- _THE TASK_: Exact transcription, pictures omitted: reproduce the listing below.
STORED DATA Start Marker
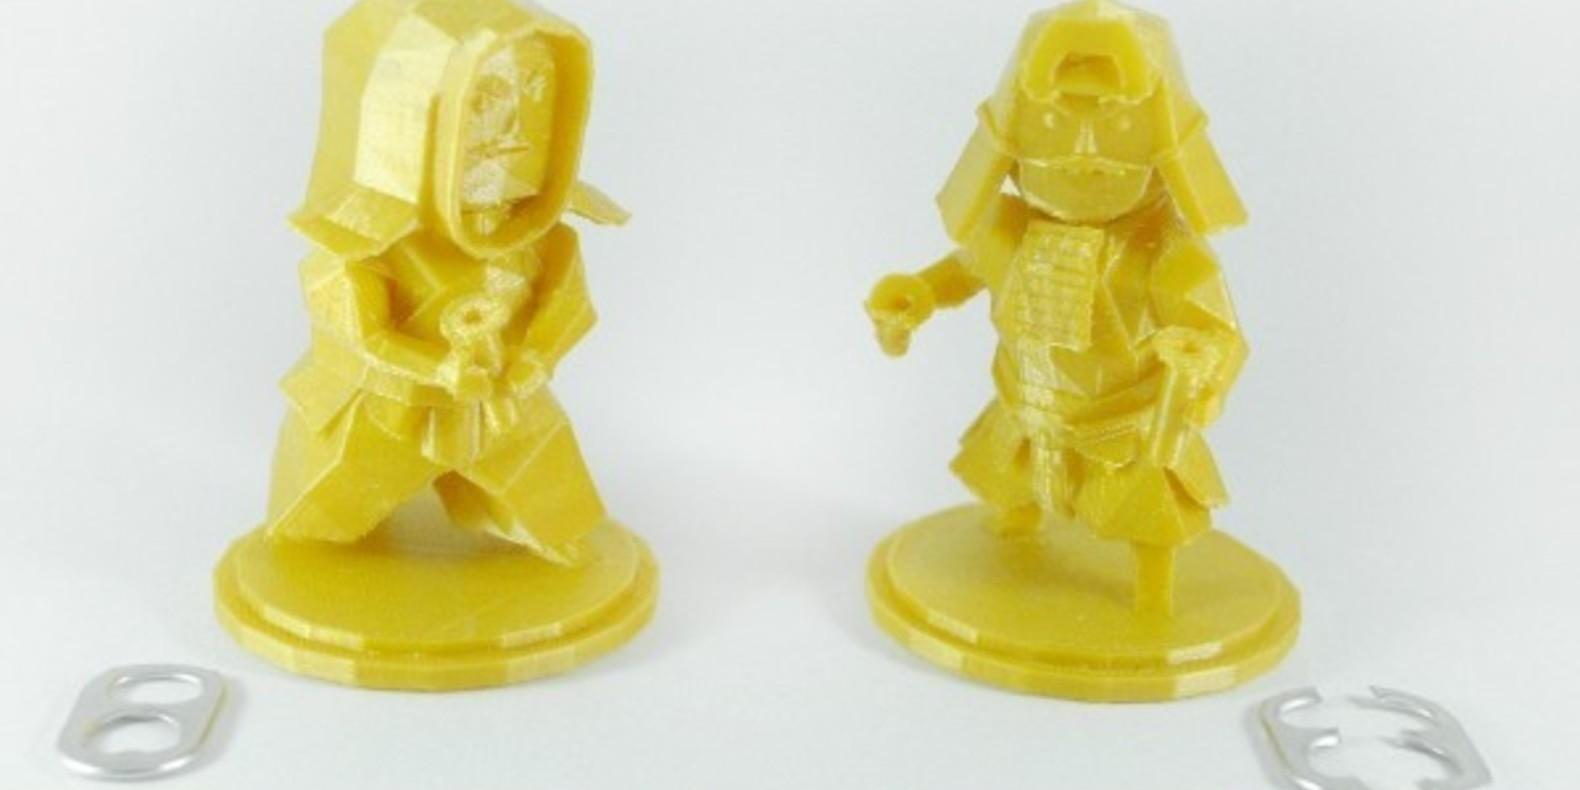 guerriers ninja cults 3D fichier 3D impression atomicosstudio tab capsule warriors 2
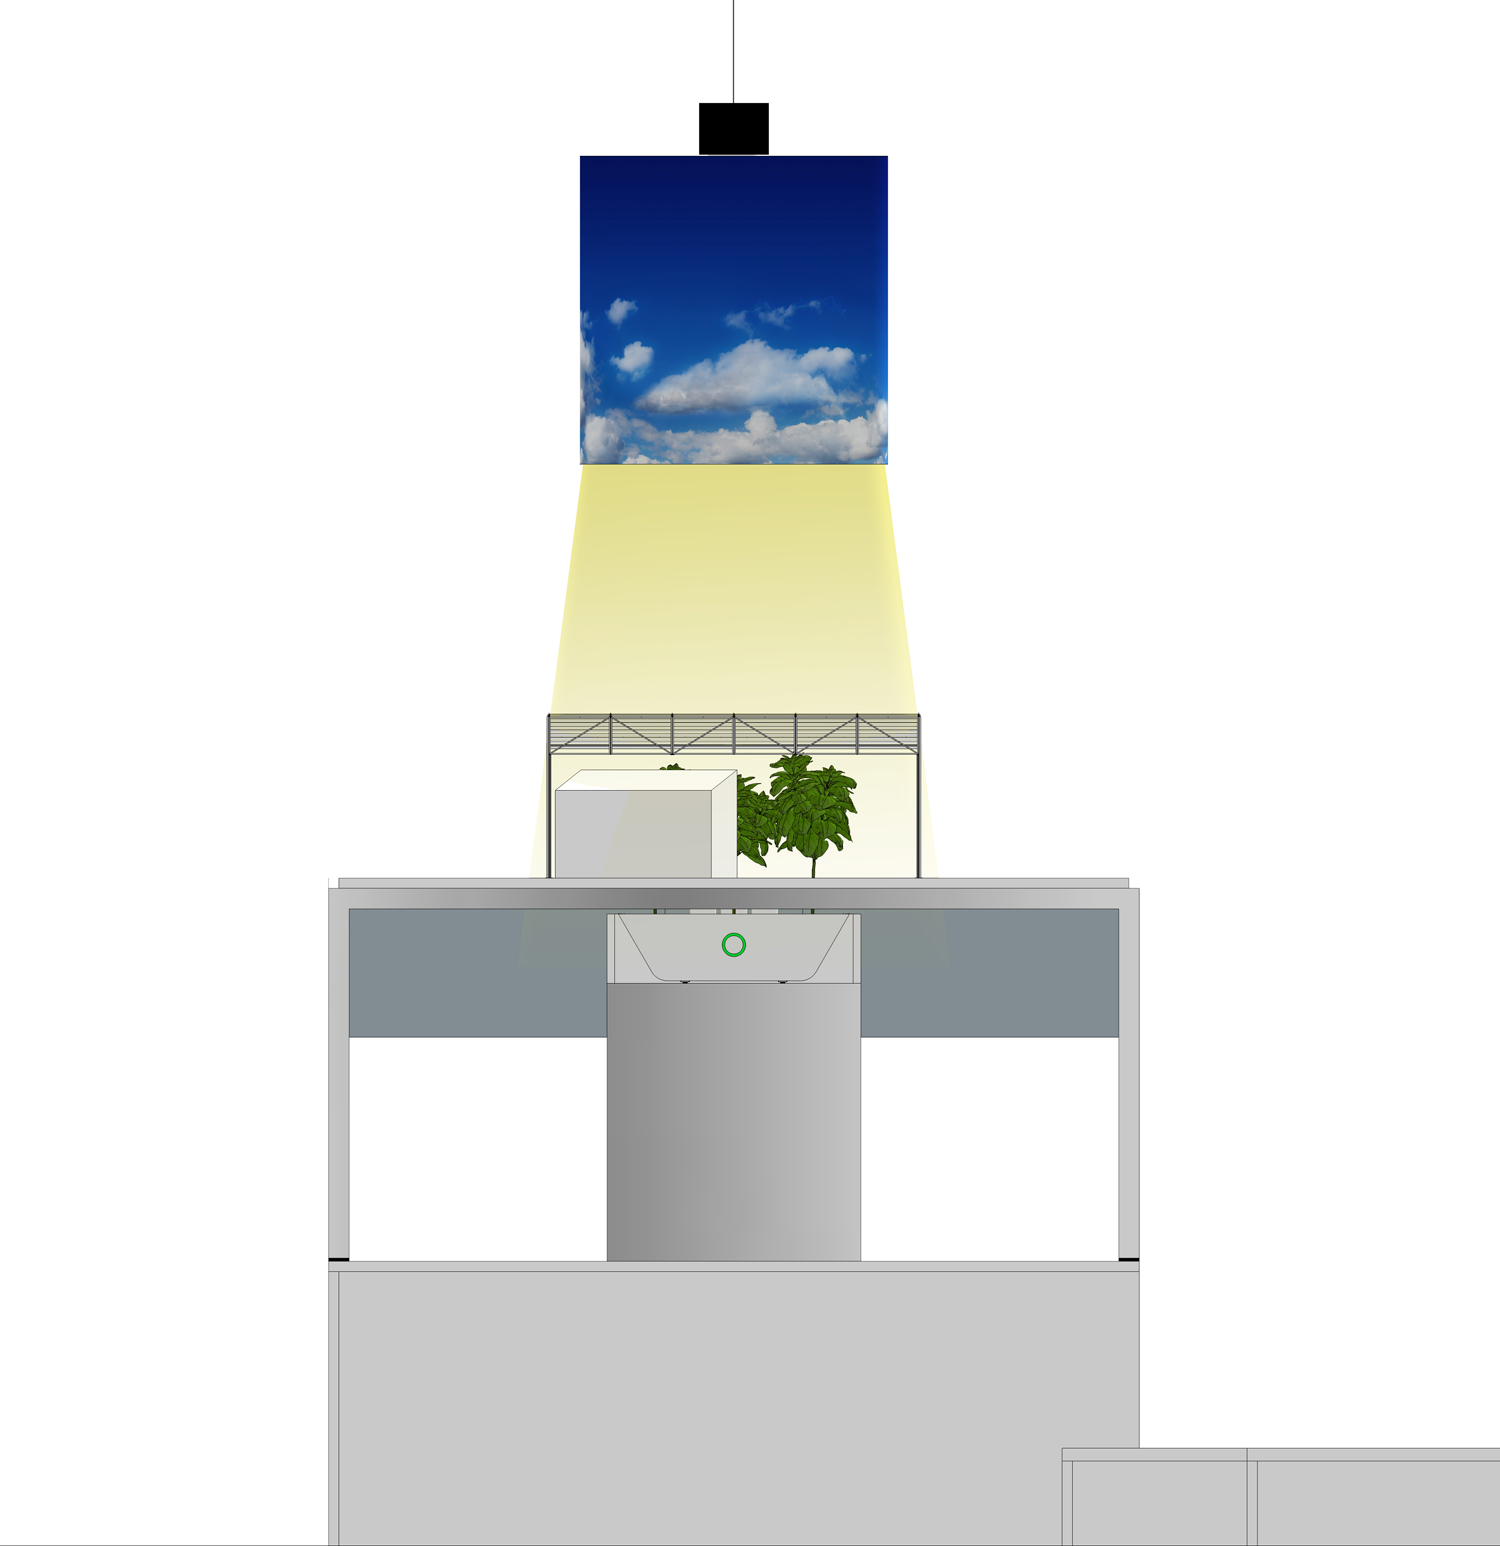 Designed display inside pavilion conceptual approach Peia Associati}
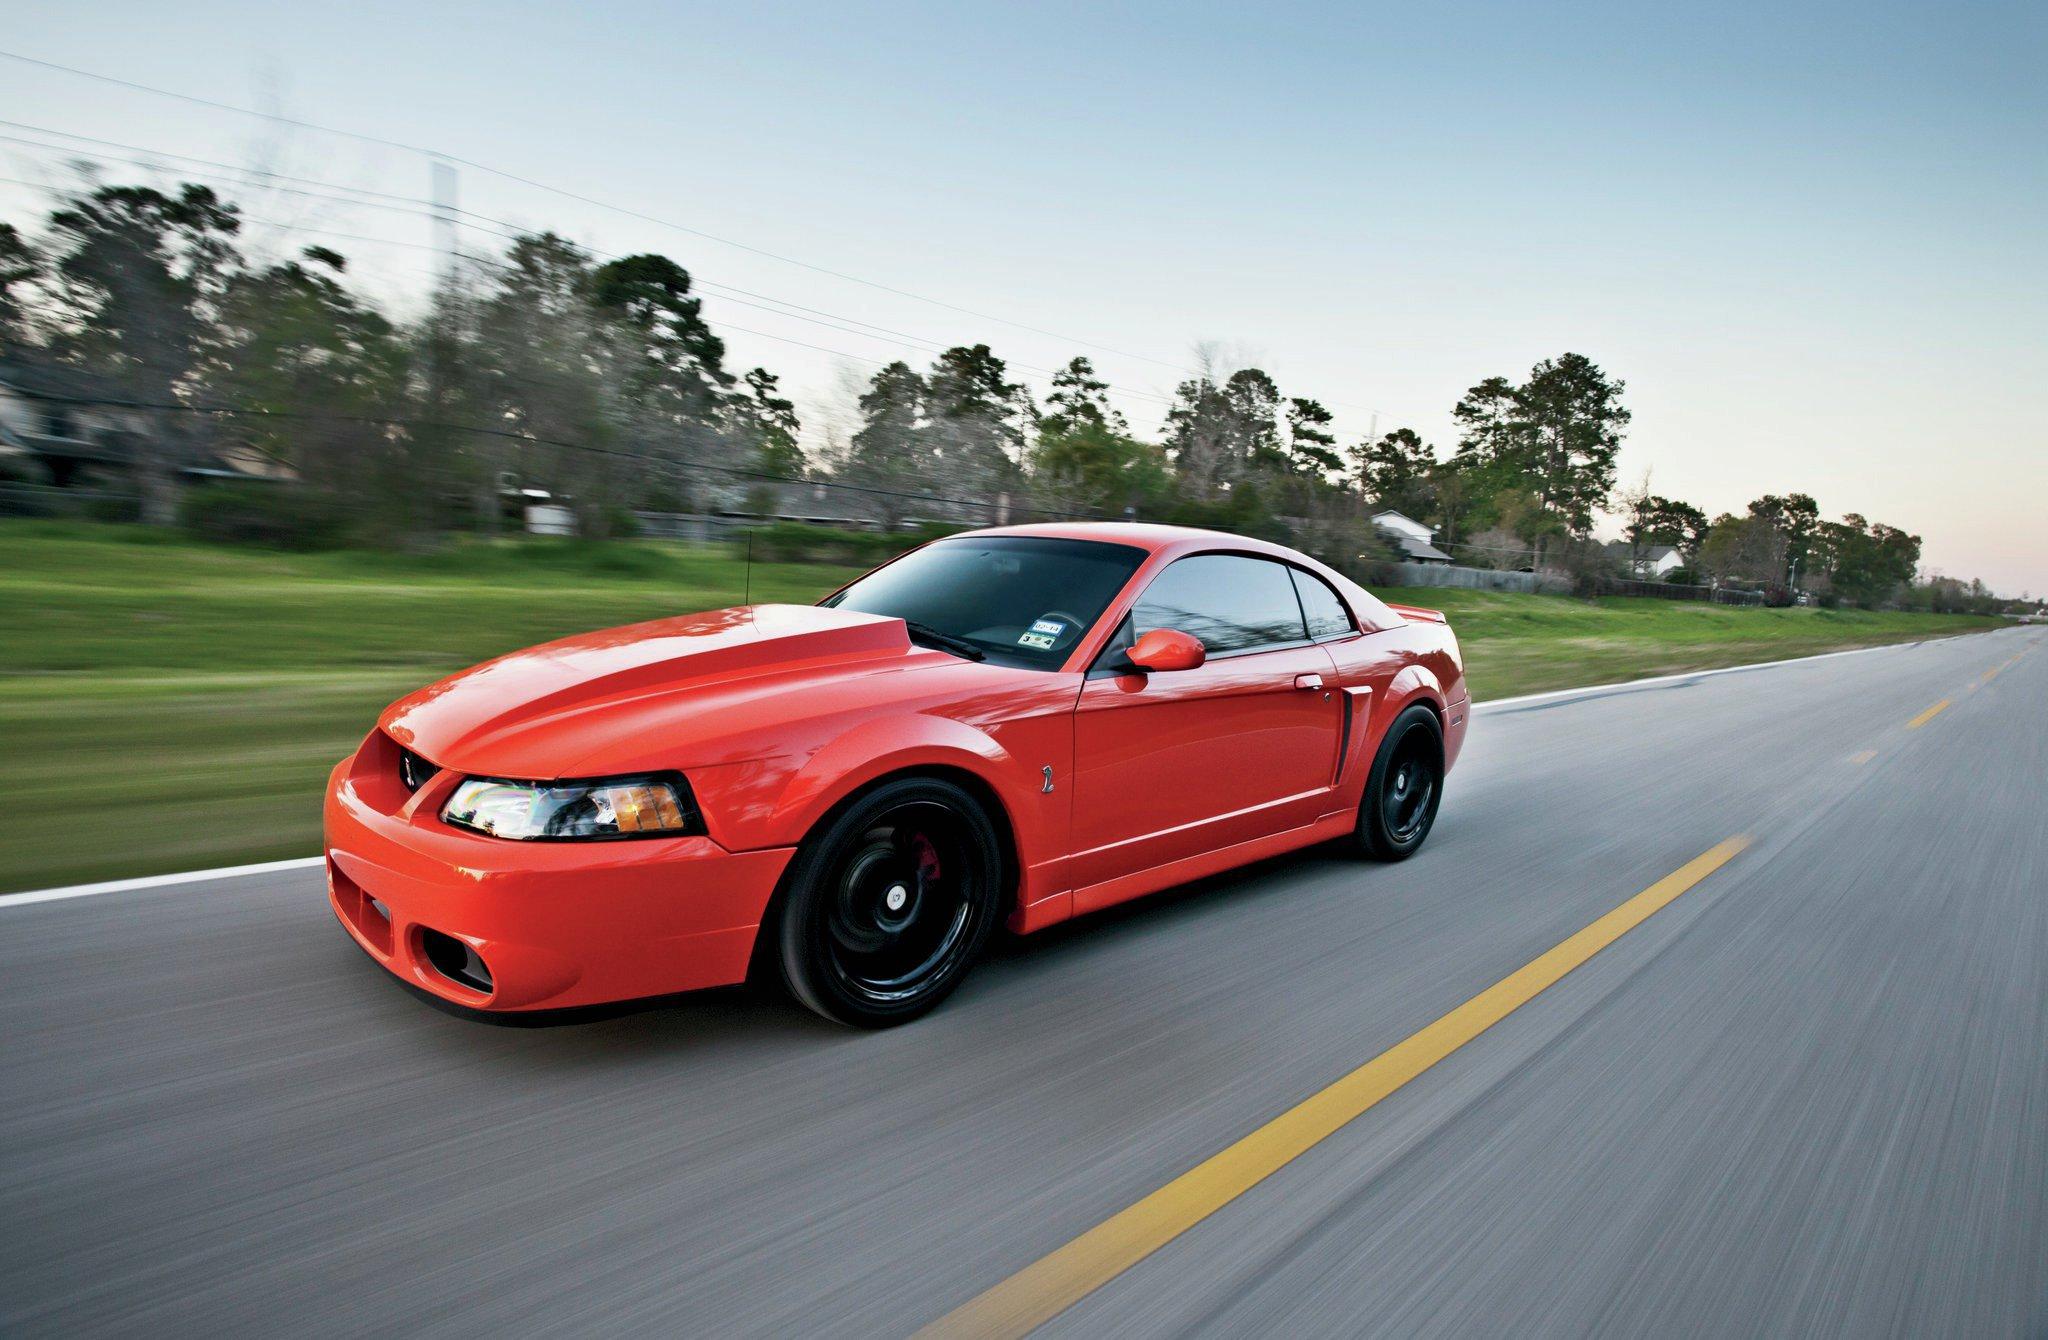 2004 Ford Mustang Cobra
STORED DATA End Marker
- _ANSWER TO THE EXERCISE_:
 guerriers ninja cults 3D fichier 3D impression atomicosstudio tab capsule warriors 2
 Designed display inside pavilion conceptual approach Peia Associati}
 2004 Ford Mustang Cobra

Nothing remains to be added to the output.